Не случайно многие из современных историков считают Суллу первым
римским императором. Кстати, титул императора существовал в республиканском
Риме с давних пор и поначалу не имел никакого монархического оттенка. Это
был чисто военный почетный титул, которым обычно сами солдаты награждали
победоносного полководца. Его имел и Сулла, и другие римские военачальники.

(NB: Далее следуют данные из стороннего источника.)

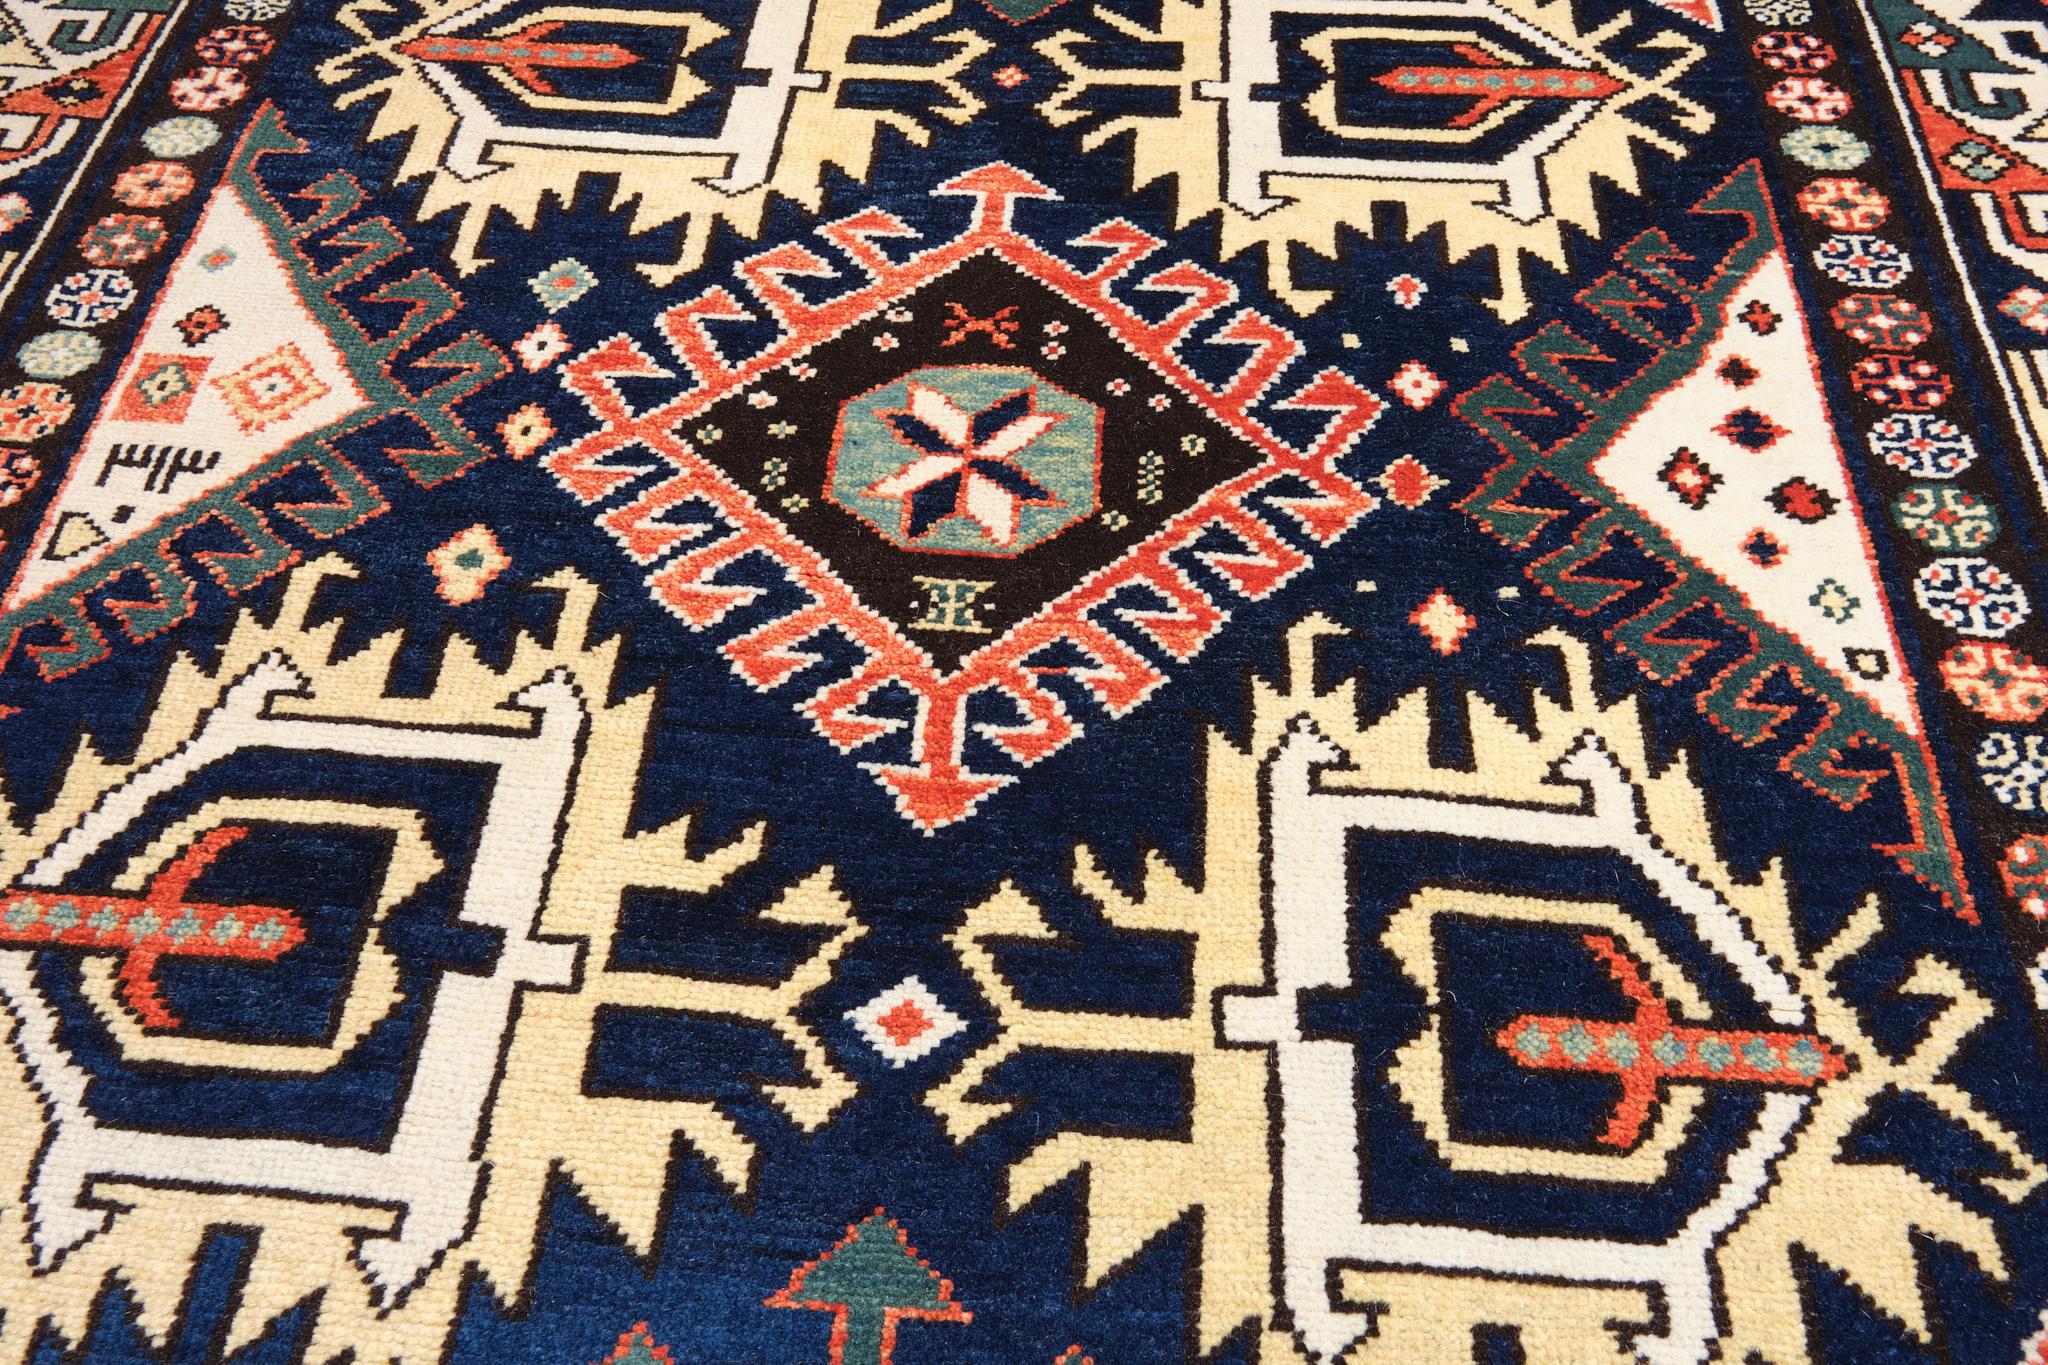 Turkish Ararat Rugs Derbend Kazak Rug, 19th C. Caucasian Revival Carpet Natural Dyed For Sale

Но, говоря о Сулле как о первом римском императоре, современные историки
имеют уже в виду новое и более позднее значение термина, которое связывается
с представлением о верховной (и фактически - единоличной) власти в
государстве.
С более поздними римскими императорами Суллу сближает и такое
специфическое обстоятельство, как опора на армию. Если Тацит в свое время
сказал, что тайна империи заключается в армии, то Сулла и был тем
государственным деятелем, который впервые разгадал эту тайну и осмелился
использовать армию как орудие для вооруженного захвата власти. Более того,
на протяжении всей своей деятельности он открыто опирался на армию, не менее
открыто презирал народ и, наконец, столь же открыто и цинично делал ставку
на террор и коррупцию. Плутарх говорит, что если полководцы стали добиваться
первенства не доблестью, а насилием и стали нуждаться в войске для борьбы не
против врагов, а против друг друга, что и заставляло их заискивать перед
воинами и быть от них в зависимости, то начало этому злу положил Сулла. Он
не только всячески угождал своему войску, прощая иногда солдатам крупные
провинности (например, убийство одного из своих легатов еще во время
Союзнической войны), но часто, желая сманить тех, кто служил под чужой
командой, слишком щедро оделял своих солдат и таким образом "он развращал
чужих воинов, толкая их на предательство, но так же и своих, делая их людьми
безнадежно распущенными". Что же касается террора, то, не приводя слишком
много примеров, достаточно вспомнить проскрипции и избиение пленных во время
заседания сената в храме Беллоны. Лучшим и наиболее эффективным средством
воздействия на массы Сулла считал страх, жестокость, террор. Правда, афоризм
"пусть ненавидят, лишь бы боялись" принадлежит не ему, но фактически он
поступал в согласии с этим принципом, хотя, очевидно, и считал, что тот, кто
внушает страх, скорее импонирует толпе, чем заслуживает ее ненависть. Отсюда
его совершенно особое отношение к собственной судьбе и карьере.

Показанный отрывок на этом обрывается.